Dataset extract ->
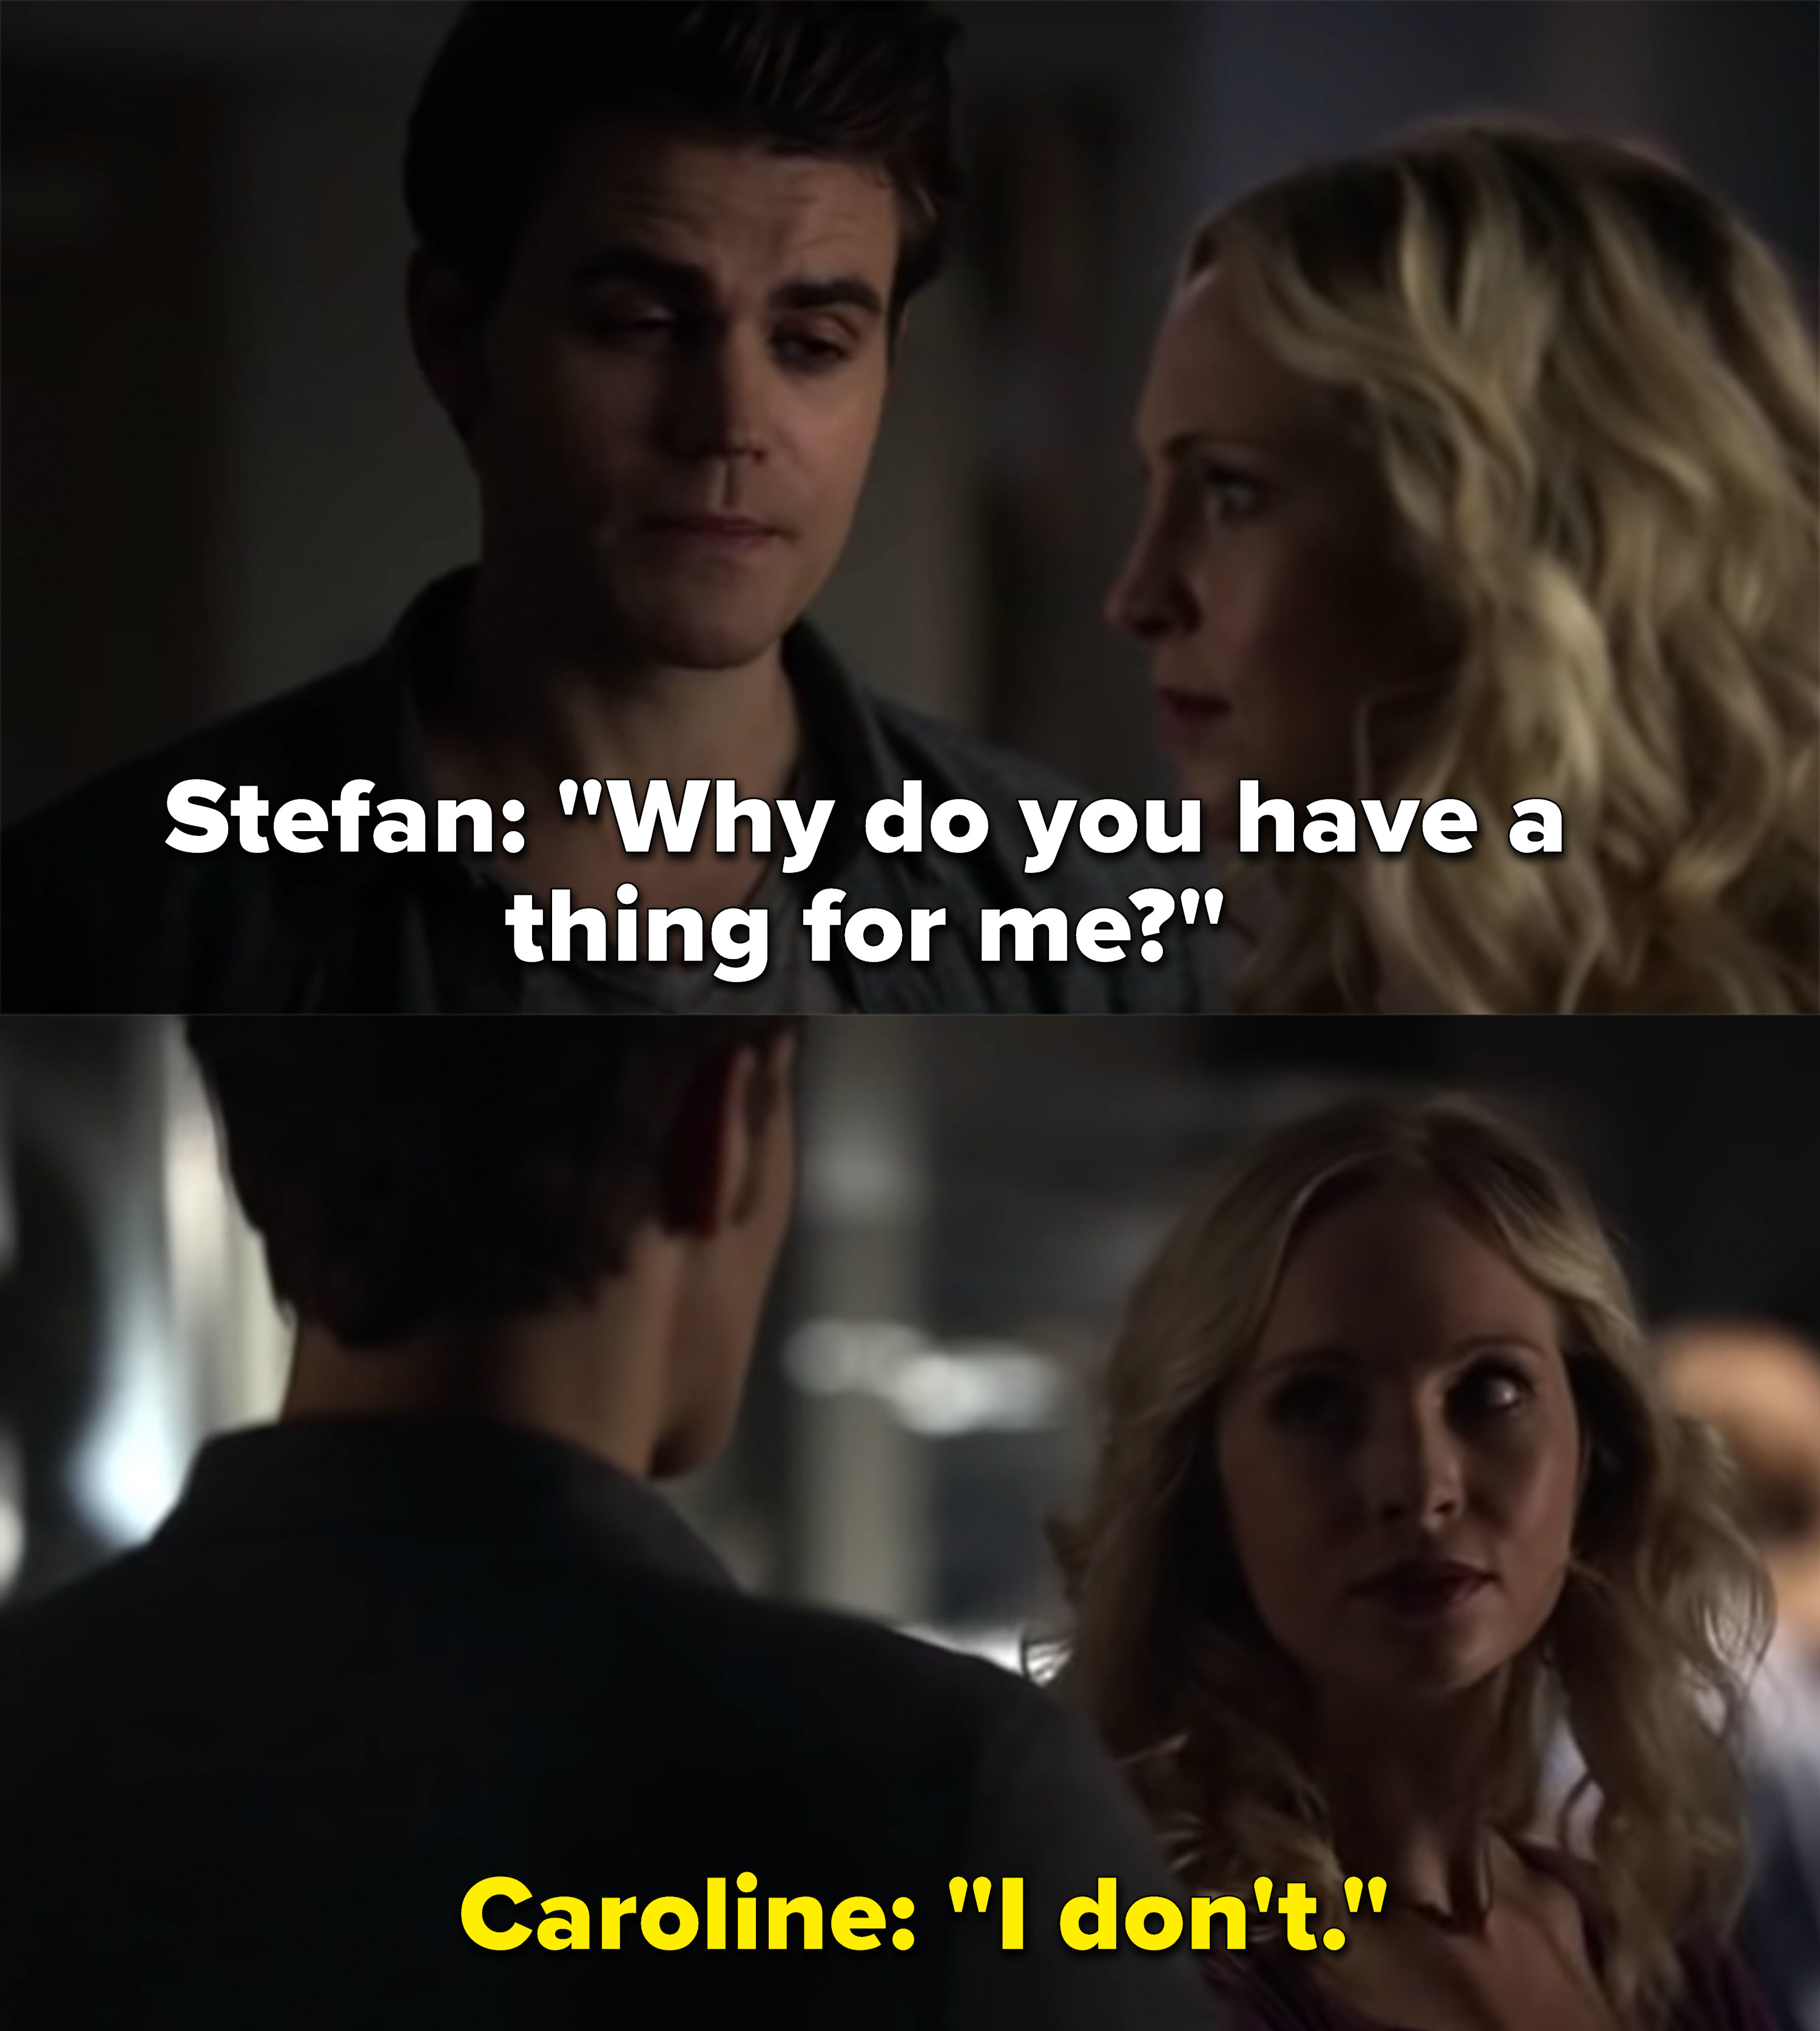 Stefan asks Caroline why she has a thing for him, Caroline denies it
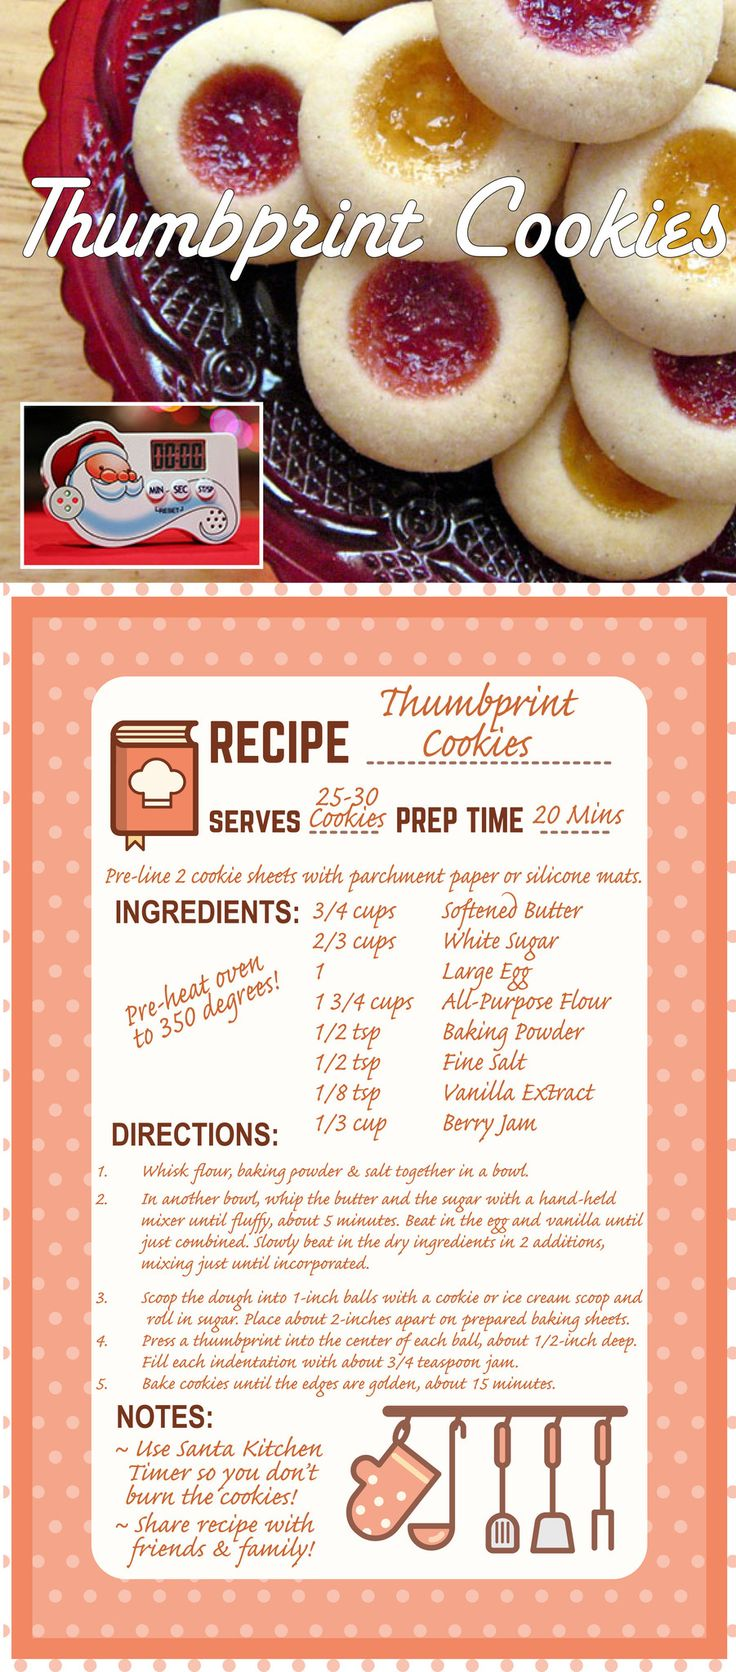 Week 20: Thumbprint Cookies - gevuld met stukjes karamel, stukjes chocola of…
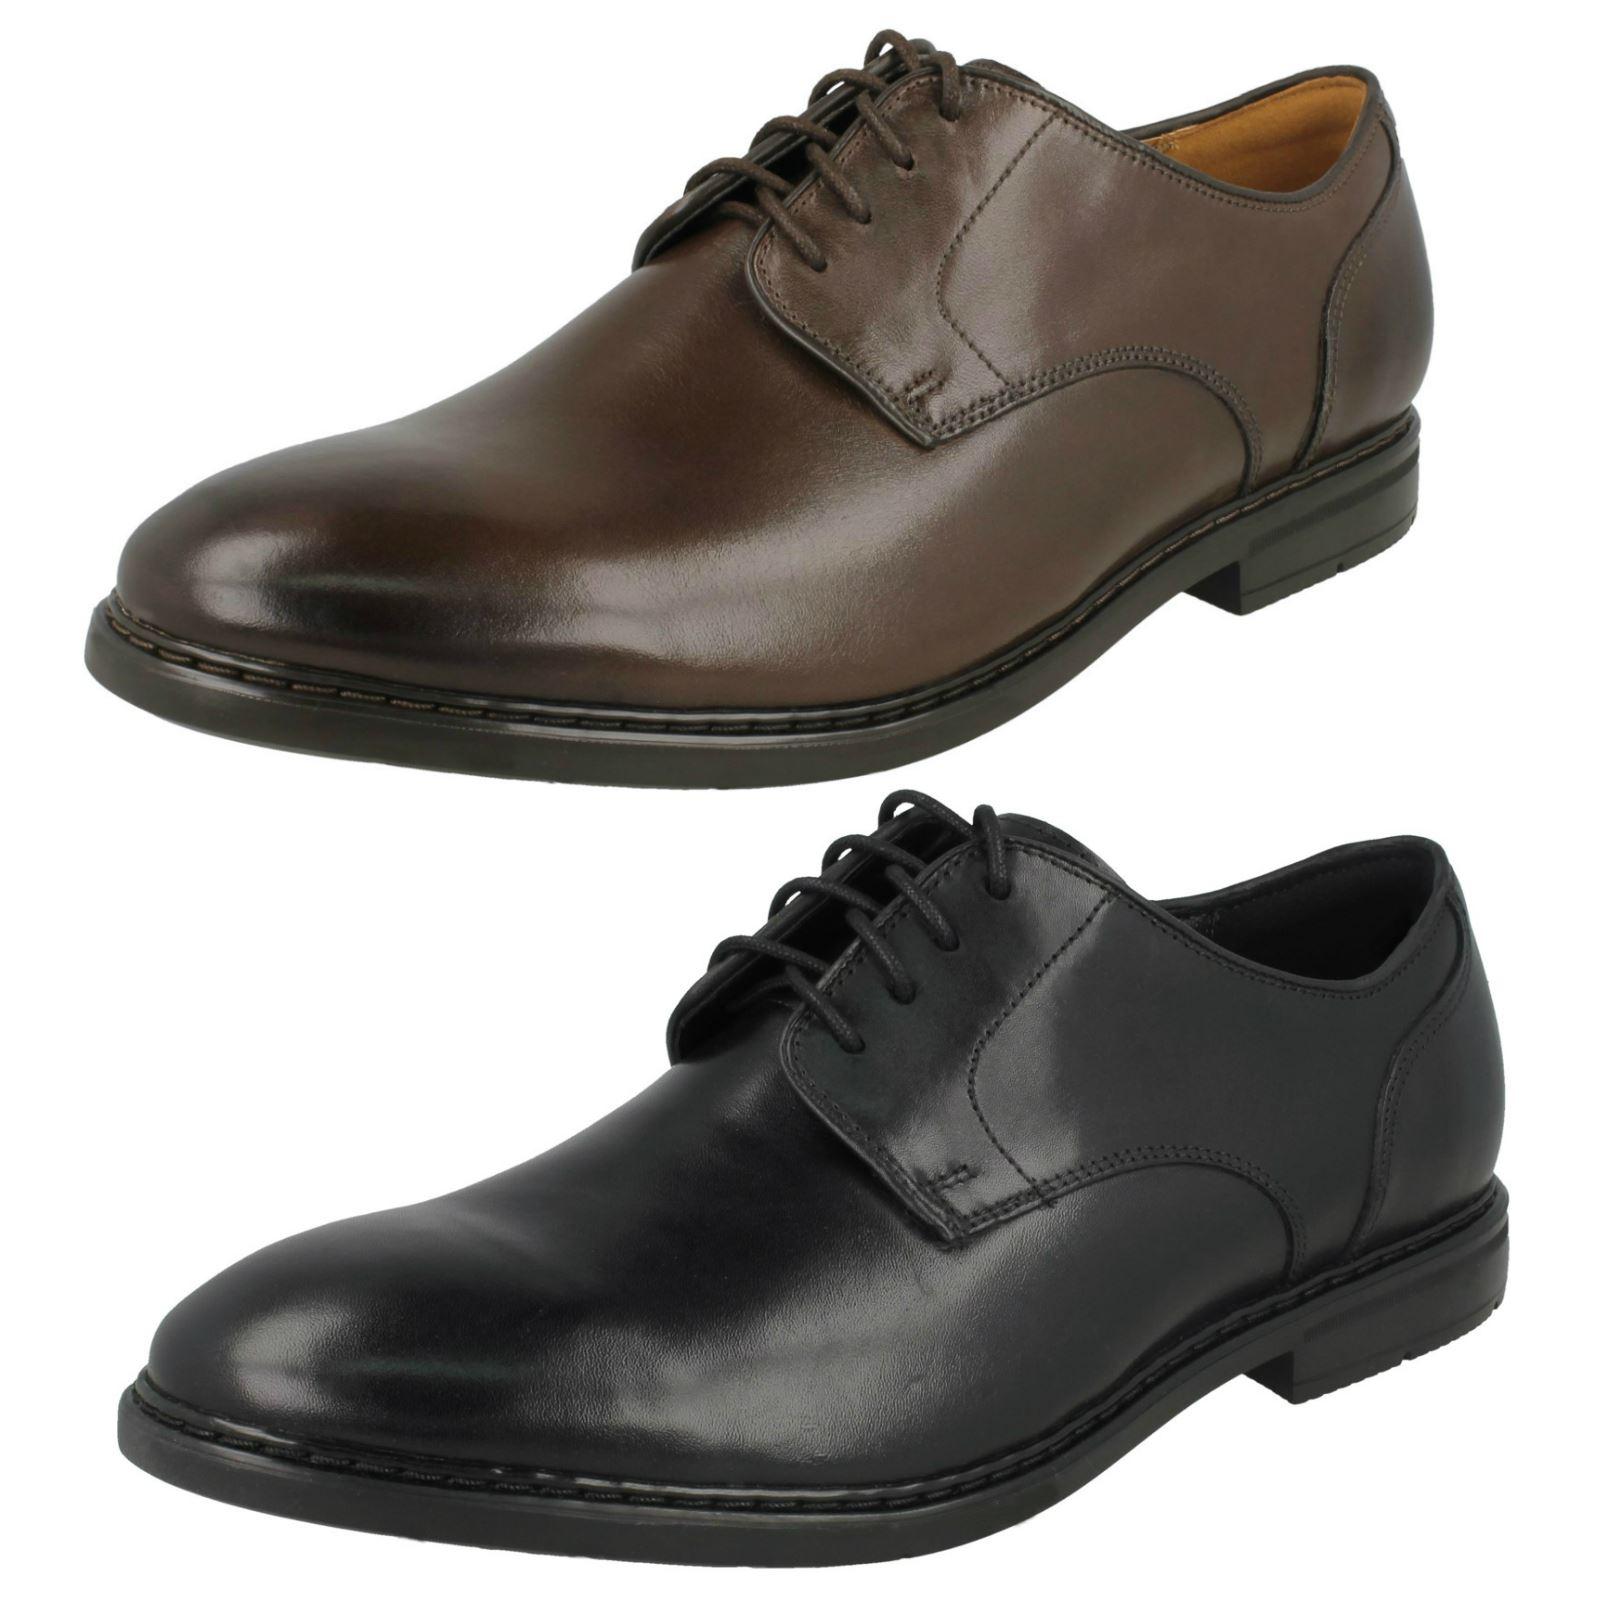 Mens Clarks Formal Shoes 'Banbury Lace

Your assignment ->
What is needed here is each line above set down word for word, minus the images.

Expected output ->
 Stefan asks Caroline why she has a thing for him, Caroline denies it
 Week 20: Thumbprint Cookies - gevuld met stukjes karamel, stukjes chocola of…
 Mens Clarks Formal Shoes 'Banbury Lace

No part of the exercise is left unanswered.